Interior Ministry spokesman Major General Abdul Karim Khalaf said it was unrealistic to expect a perfectly violence-free day.
"We think one, two or three incidents may happen. We expect it. But this country is a newly born democracy. It's beyond expectation that this won't happen," he said.
While Shi'ite versus Sunni tension has lain behind most bloodshed since the invasion, the election exposes other rifts.
In the Shi'ite south, including the main oil hub, Basra, Maliki's State of Law coalition is testing its strength against the powerful Supreme Islamic Iraqi Council.

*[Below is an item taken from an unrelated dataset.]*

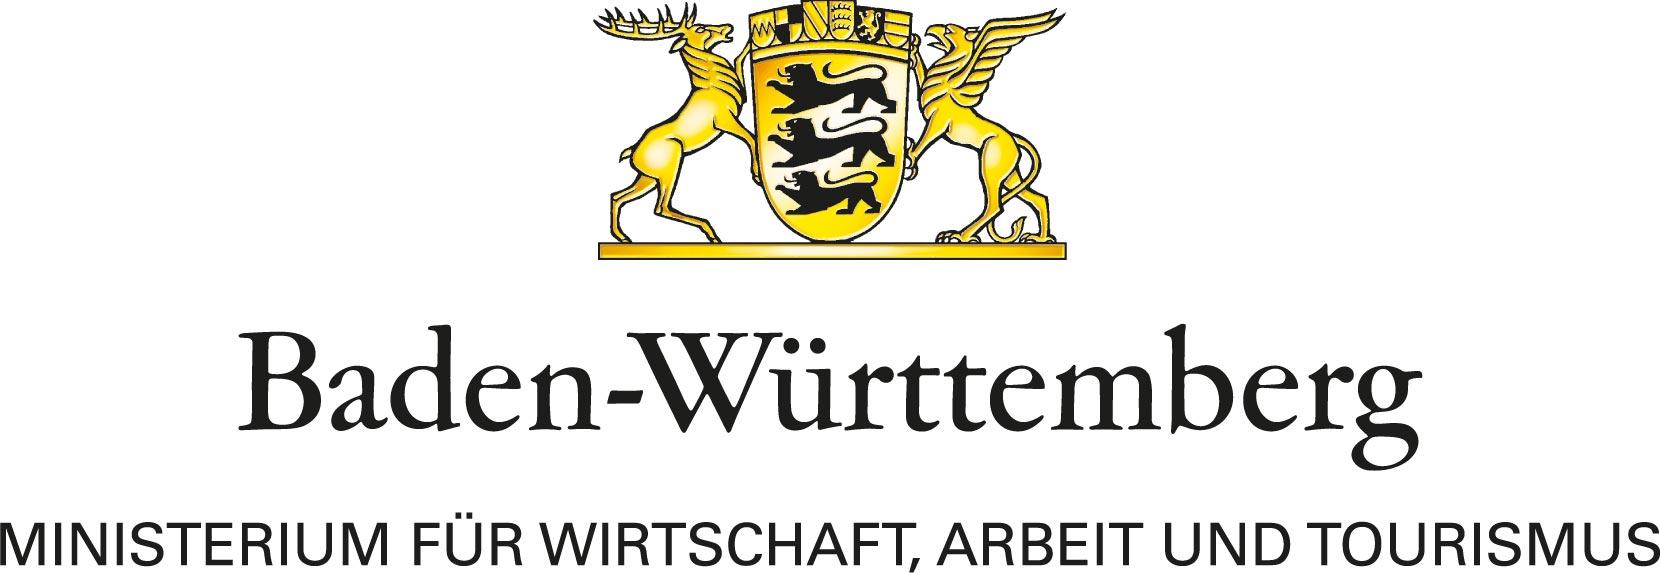 Logo des Ministeriums für Wirtschaft, Arbeit und Tourismus

Maliki was once seen as weak and vacillating. But his stature has grown since he cracked down on street gangs and militias in Basra and Baghdad last year, and negotiated an end-2011 withdrawal date with Washington.
In the western province of Anbar, once the heartland of Sunni Islamist opposition to the U.S. invaders, tribal chiefs who helped push out al Qaeda are hoping to gain power at the expense of the traditional Sunni Iraqi Islamic Party.
The ballot may help ease violence in the northern provinces of Nineveh and Diyala, where Sunni Arabs who boycotted the last vote are seeking a share of political power.
In Mosul, the capital of Nineveh, al Qaeda is making a stand among Arabs resentful that Kurds control the current council despite making up just a quarter of the population.
Results will be slow to emerge. It will take up to five days to get early results and perhaps a month for a final tally.